There are in Utopia fifty-four towns, all on the same plan, except that one is the capital. All the streets are twenty feet broad, and all the private houses are exactly alike, with one door onto the street and one onto the garden. There are no locks on the doors, and every one may enter any house. The roofs are flat. Every tenth year people change houses–apparently to prevent any feeling of ownership. In the country, there are farms, each containing not fewer than forty persons, including two bondmen; each farm is under the rule of a master and mistress, who are old and wise. The chickens are not hatched by hens, but in incubators (which did not exist in More’s time). All are dressed alike, except that there is a difference between the dress of men and women, and of married and unmarried. The fashions never change, and no difference is made between summer and winter clothing. At work, leather or skins are worn; a suit will last seven years. When they stop work, they throw a woollen cloak over their working clothes. All these cloaks are alike, and are the natural colour of wool. Each family makes its own clothes.

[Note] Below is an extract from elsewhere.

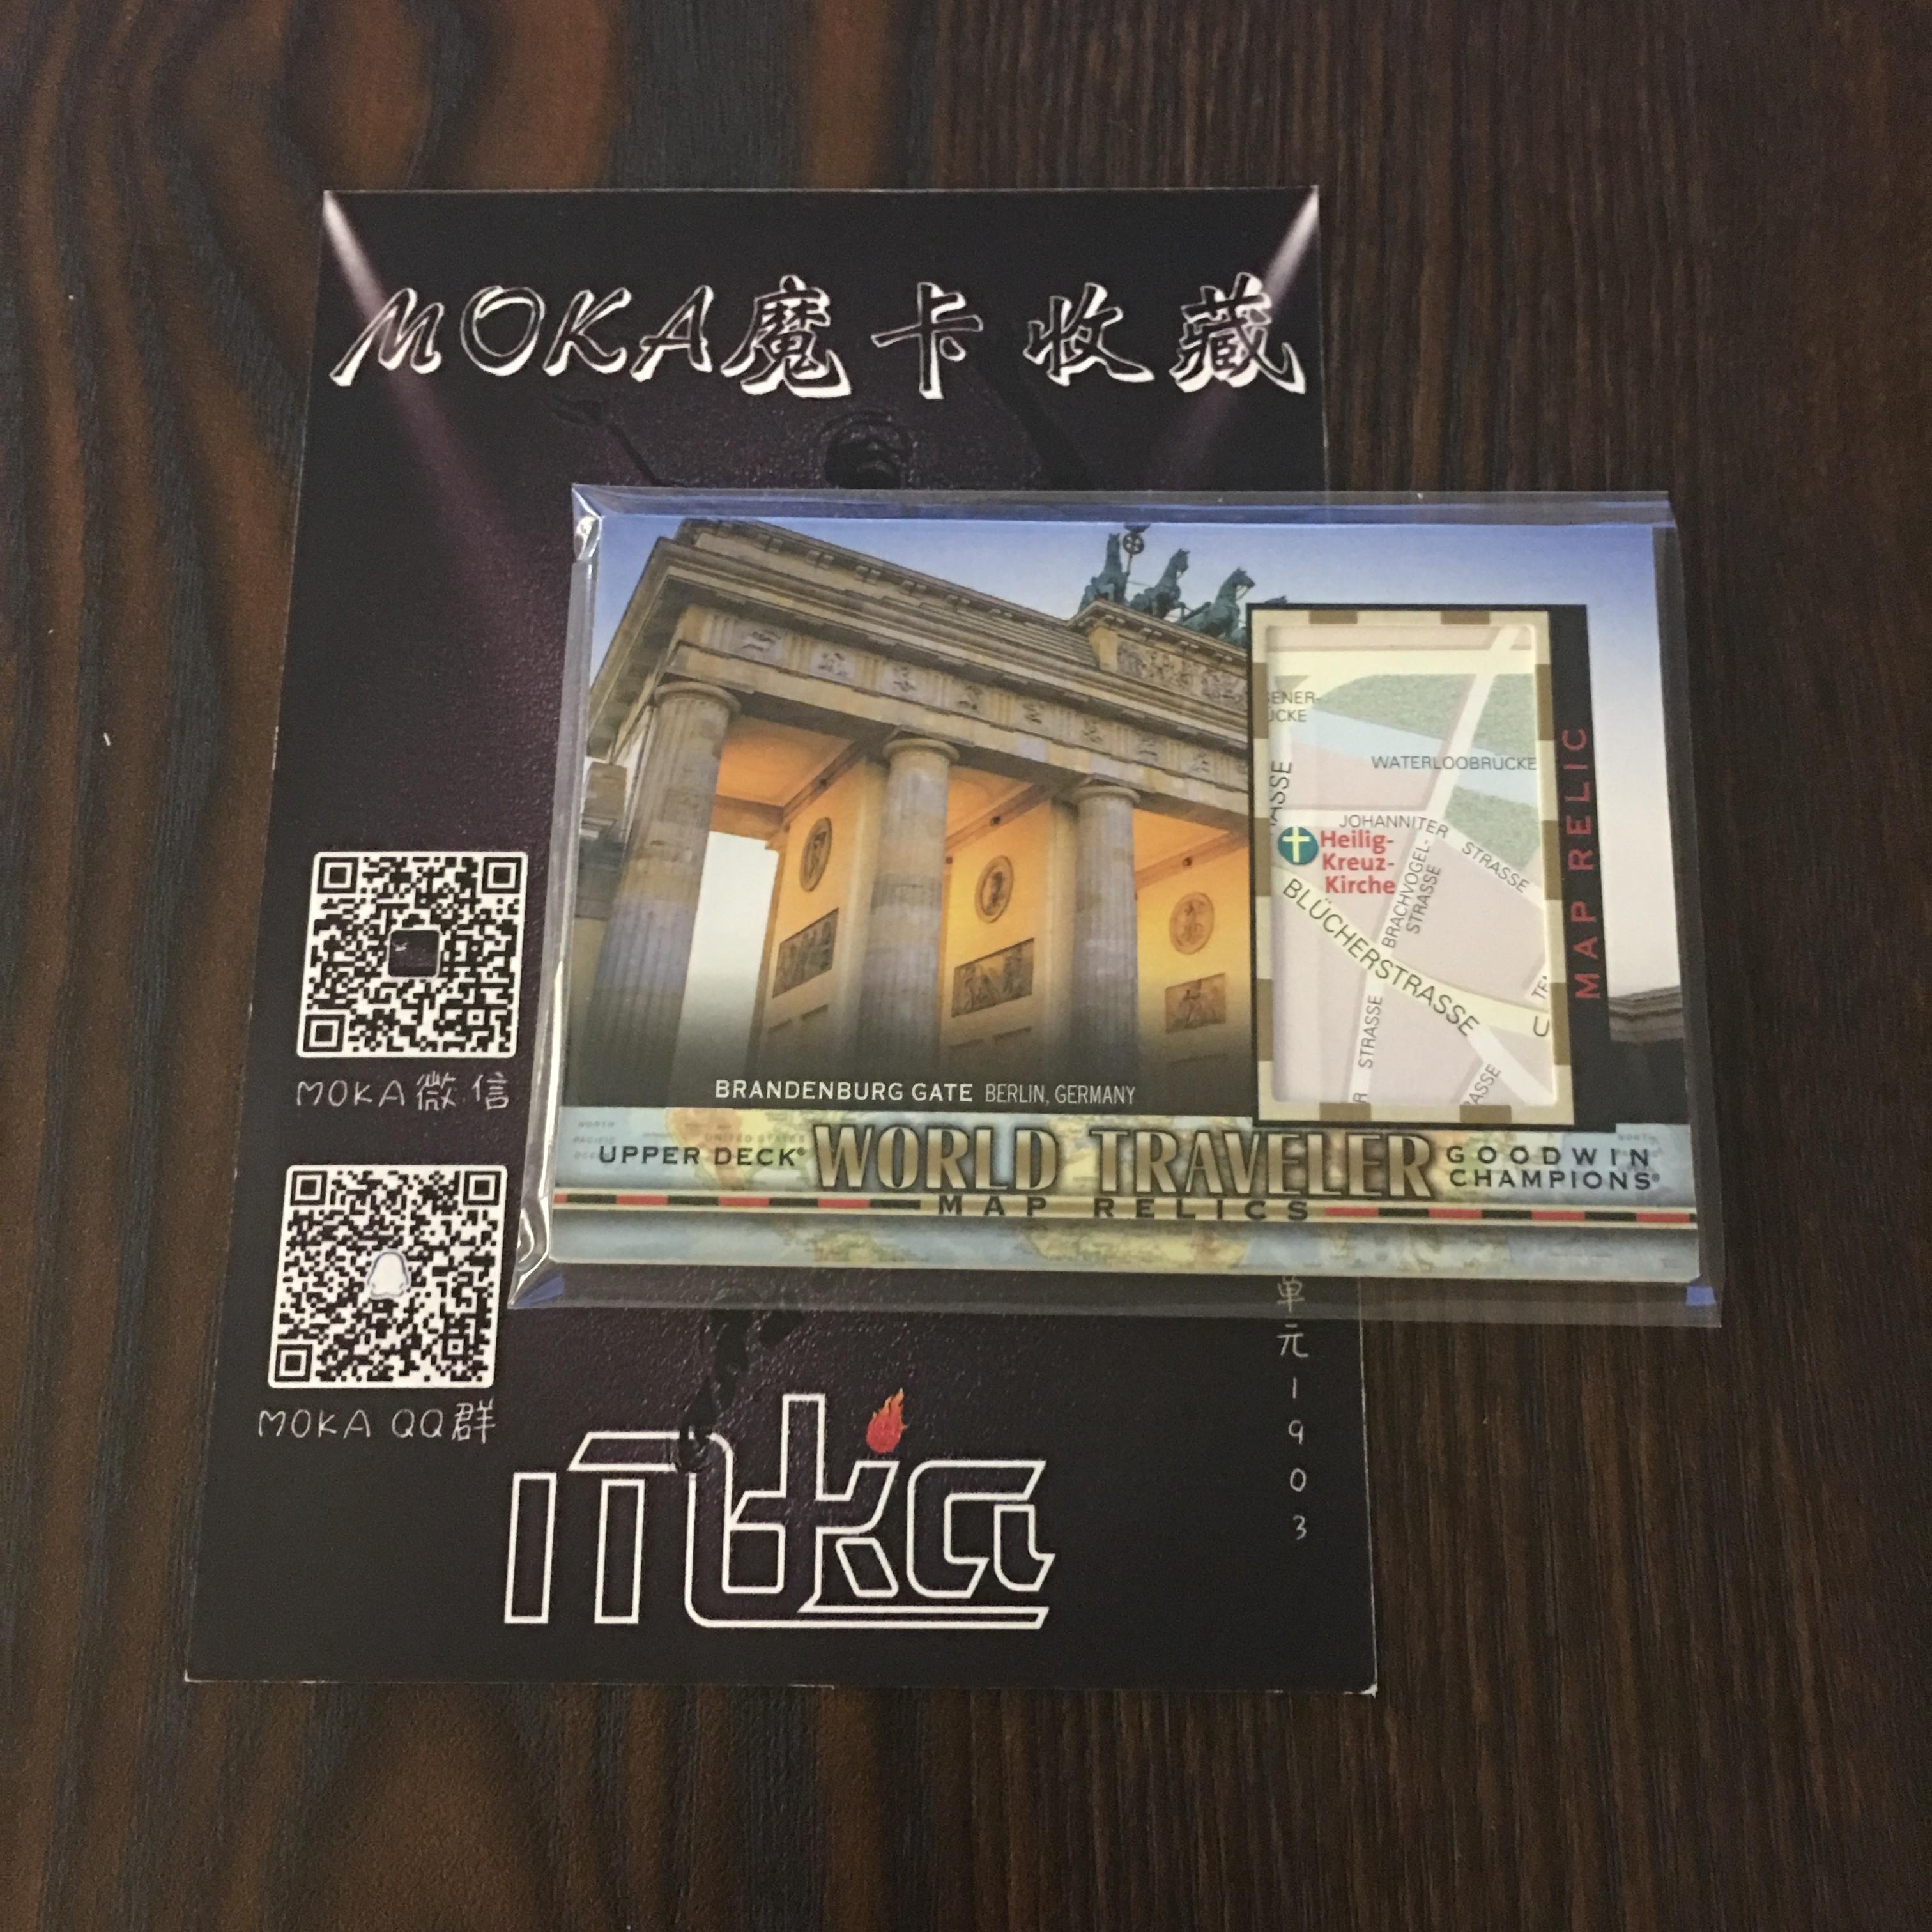 【MOKA球星卡收藏】#1804449 2018 UD Goodwin 古德温 地图卡 编号WT-60 凑套必备

Everybody–men and women alike–works six hours a day, three before dinner and three after. All go to bed at eight, and sleep eight hours. In the early morning there are lectures, to which multitudes go, although they are not compulsory. After supper an hour is devoted to play. Six hours’ work is enough, because there are no idlers and there is no useless work; with us, it is said, women, priests, rich people, servants, and beggars, mostly do nothing useful, and owing to the existence of the rich much labour is spent in producing unnecessary luxuries; all this is avoided in Utopia. Sometimes, it is found that there is a surplus, and the magistrates proclaim a shorter working day for a time.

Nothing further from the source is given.